Connect to PostgreSQL, MySQL, MongoDB, SQLite, SQL Server, and other databases.


Overview

Dango supports SQL and NoSQL databases as data sources. PostgreSQL and MongoDB have full wizard support — set them up with dango source add. Other databases (MySQL, SQLite, SQL Server, Snowflake, BigQuery) use the manual dlt_native approach with dlt's sql_database source.

Supported Databases:

Database Setup Method
PostgreSQL Wizard (dango source add)
MongoDB Wizard (dango source add)
MySQL / MariaDB Manual (dlt_native)
SQLite Manual (dlt_native)
Microsoft SQL Server Manual (dlt_native)
Snowflake Manual (dlt_native)
BigQuery Manual (dlt_native)
Any SQLAlchemy-compatible Manual (dlt_native)

Managing this source in the Web UI

After setup, manage this source from the Sources page in the Web UI (http://localhost:8800/sources). Trigger syncs, view history, and monitor status without using the CLI. See Web UI — Sources.


Quick Start: PostgreSQL

PostgreSQL is a wizard-enabled source. The wizard handles configuration and credential setup.

dango source add
? Select a data source: PostgreSQL
? Source name: my_postgres
? Environment variable for connection URL [POSTGRES_CREDENTIALS]: POSTGRES_CREDENTIALS
? Schema (default: public): public
? Table names (comma-separated, or blank for all): customers, orders, products

The wizard creates your source configuration and prompts you to add the connection URL to .env.

Via Configuration File

Edit .dango/sources.yml:

version: '1.0'
sources:
  - name: my_postgres
    type: postgres
    enabled: true
    description: Production PostgreSQL database
    generic_config:
      credentials_env: POSTGRES_CREDENTIALS
      schema: public
      table_names:
        - customers
        - orders
        - products

Why generic_config instead of postgres?

PostgreSQL and MongoDB use generic_config as the YAML key because they share a common configuration model. Sources with dedicated config models (like Stripe, HubSpot) use their type name as the key.

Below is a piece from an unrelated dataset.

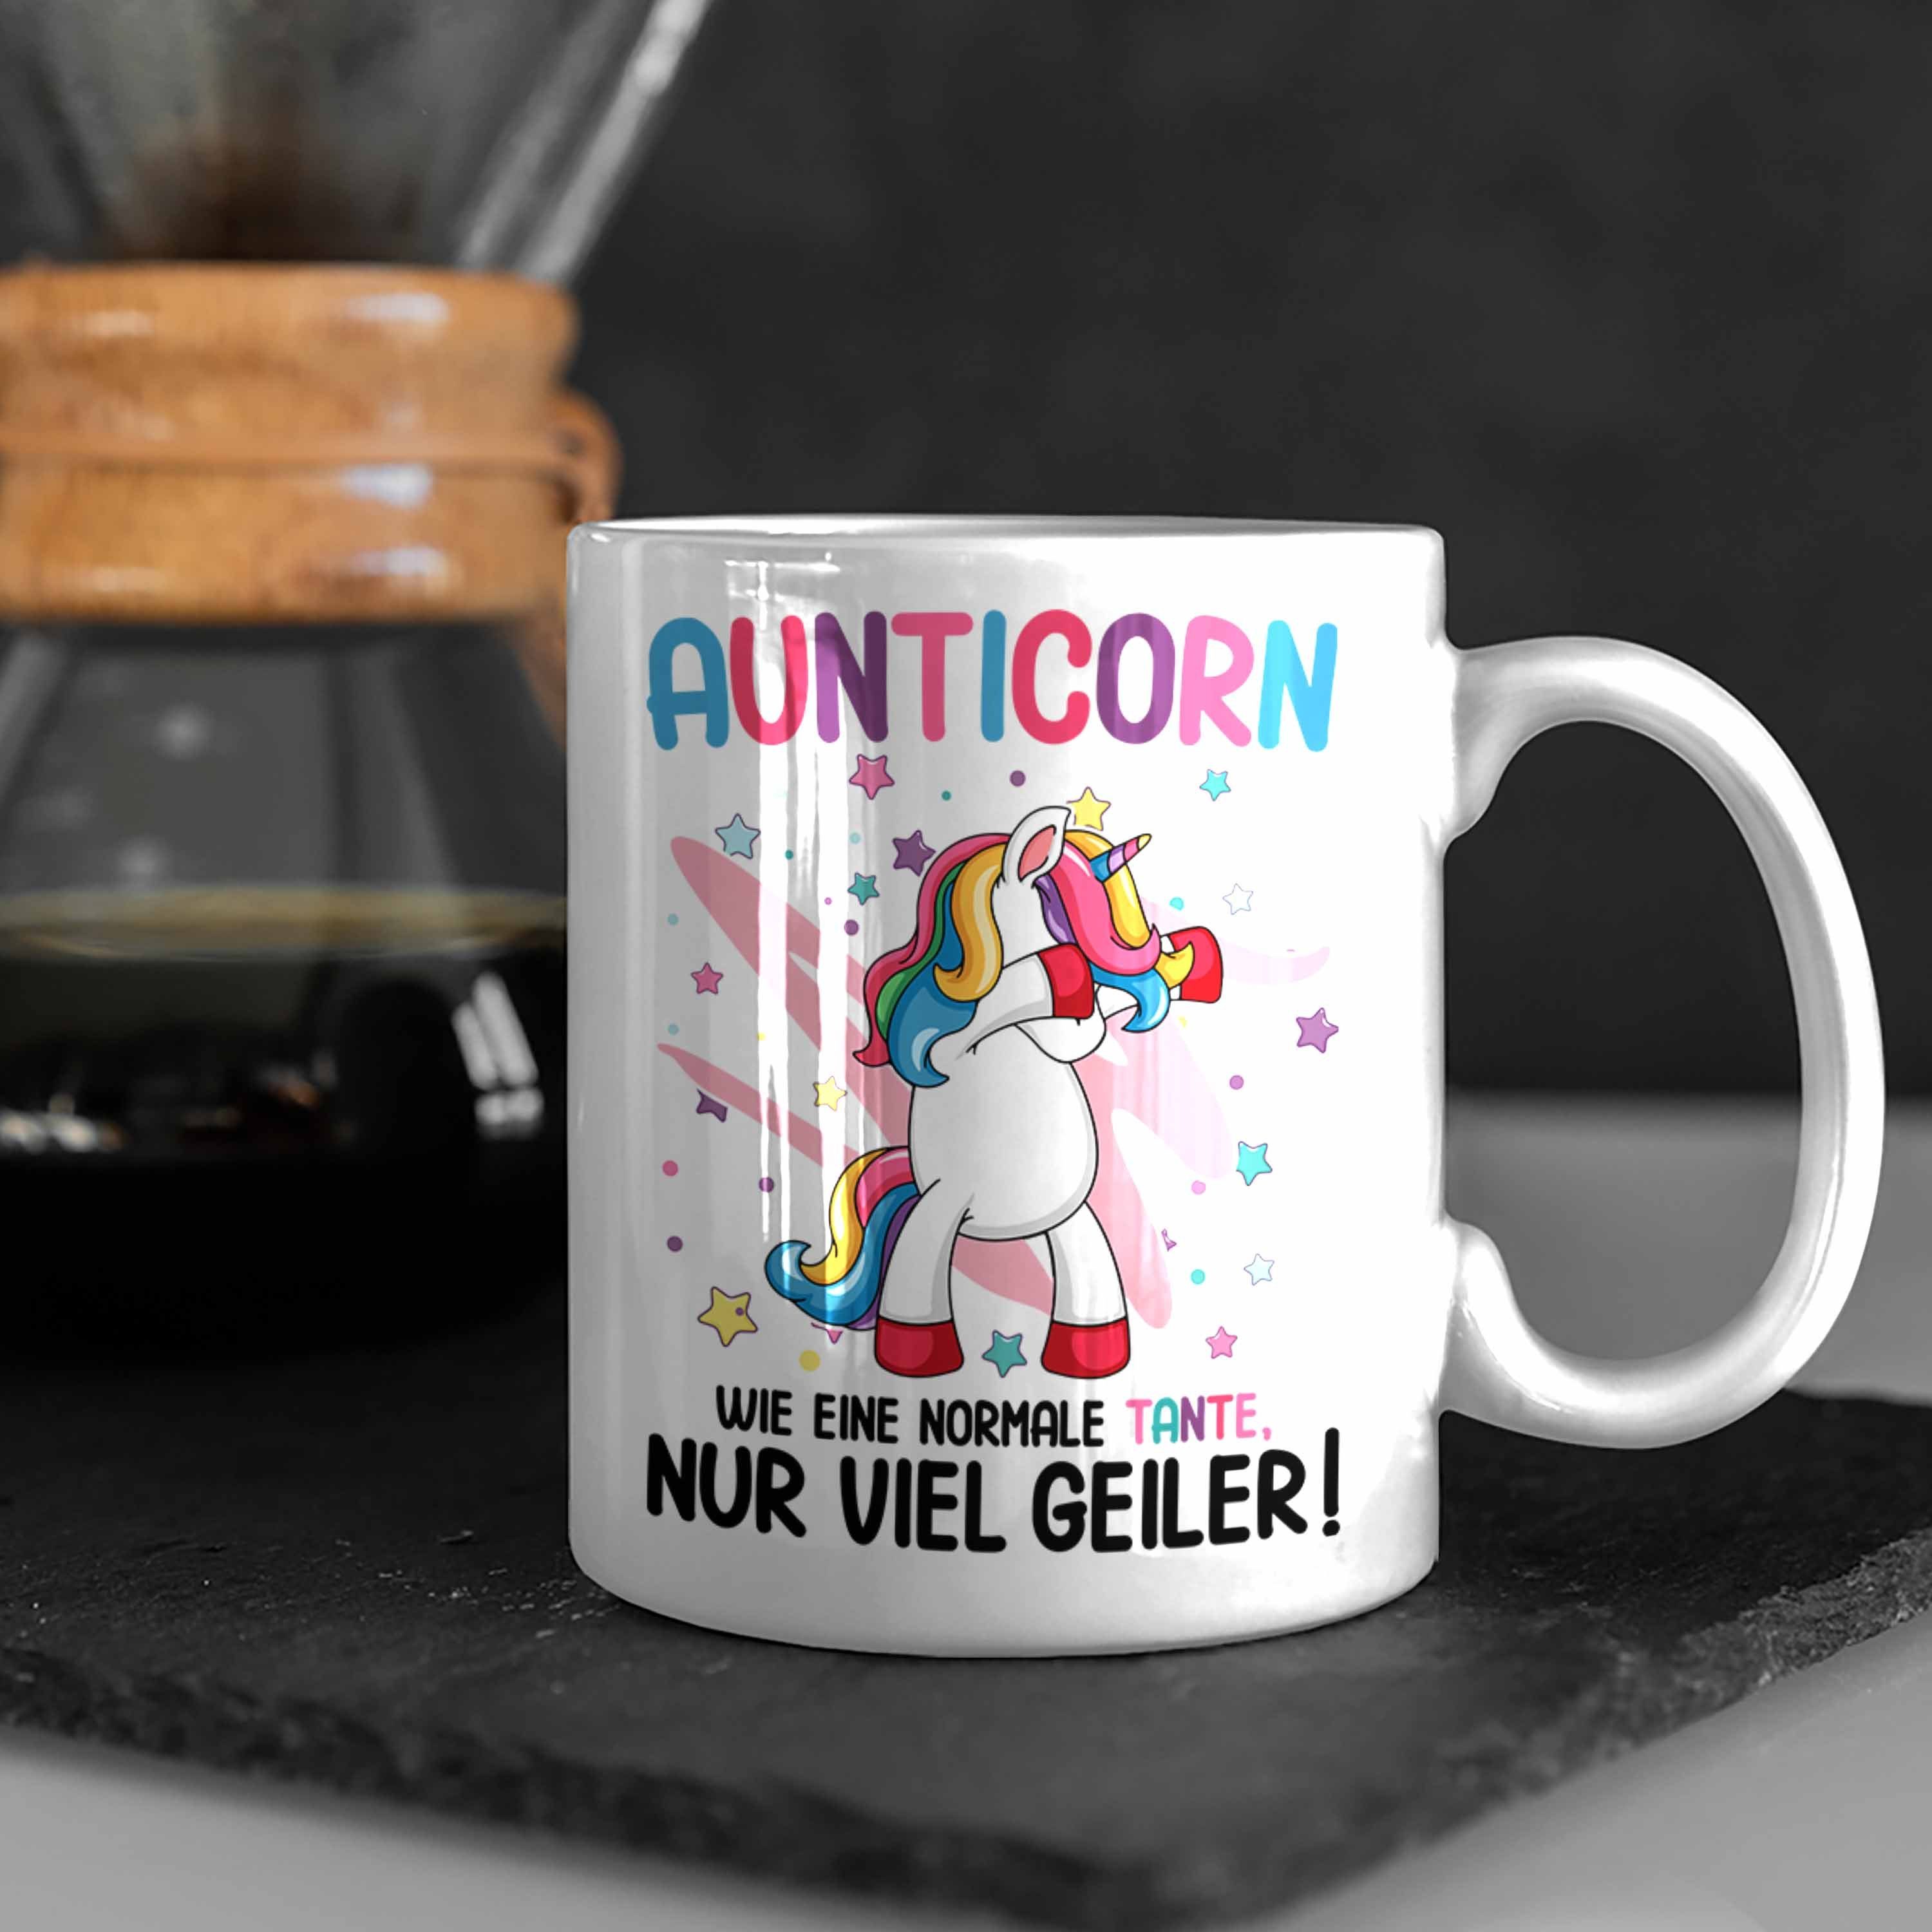 Trendation Tasse Trendation - Beste Spruch Normale Tante Einhorn Eine Aunticorn Lustig Wie Geschenk Geburtstag Weiss Tante

Store the connection URL in .env:

# .env (gitignored)
POSTGRES_CREDENTIALS=postgresql://myuser:mypassword@localhost:5432/mydb

Set the connection URL on the remote server:

dango remote env set POSTGRES_CREDENTIALS "postgresql://myuser:mypassword@dbhost:5432/mydb"

First Sync

dango sync my_postgres

Data loads into raw_my_postgres schema in DuckDB:

SELECT * FROM raw_my_postgres.customers LIMIT 10;

Connection URL Format

postgresql://username:password@host:port/database

Examples:

# Local database
POSTGRES_CREDENTIALS=postgresql://myuser:mypassword@localhost:5432/mydb

# Remote database with SSL
POSTGRES_CREDENTIALS=postgresql://myuser:[email protected]:5432/mydb?sslmode=require

# AWS RDS
POSTGRES_CREDENTIALS=postgresql://admin:[email protected]:5432/mydb

Quick Start: MongoDB

MongoDB is a wizard-enabled source. It supports document collections with automatic schema flattening.

dango source add
? Select a data source: MongoDB
? Source name: my_mongo
? Environment variable for connection URL [MONGODB_CONNECTION_URL]: MONGODB_CONNECTION_URL
? Database name: mydb
? Collection names (comma-separated, or blank for all): users, events, products
? Enable parallel collection loading? No

Via Configuration File

Edit .dango/sources.yml:

version: '1.0'
sources:
  - name: my_mongo
    type: mongodb
    enabled: true
    description: MongoDB application database
    generic_config:
      connection_url_env: MONGODB_CONNECTION_URL
      database: mydb
      collection_names:
        - users
        - events
        - products
      parallel: false

Store the connection URL in .env:

# .env (gitignored)
MONGODB_CONNECTION_URL=mongodb://myuser:mypassword@localhost:27017/mydb

Set the connection URL on the remote server:

dango remote env set MONGODB_CONNECTION_URL "mongodb+srv://myuser:[email protected]/mydb"

First Sync

dango sync my_mongo

Data loads into raw_my_mongo schema in DuckDB:

SELECT * FROM raw_my_mongo.users LIMIT 10;

Connection URL Format

mongodb://username:password@host:port/database
mongodb+srv://username:[email protected]/database

Parallel Loading

For large databases with many collections, enable parallel loading for faster syncs:

generic_config:
  connection_url_env: MONGODB_CONNECTION_URL
  database: mydb
  parallel: true

MongoDB document flattening

MongoDB documents are nested JSON. dlt flattens nested objects into columns using __ separators. For example, address.city becomes address__city.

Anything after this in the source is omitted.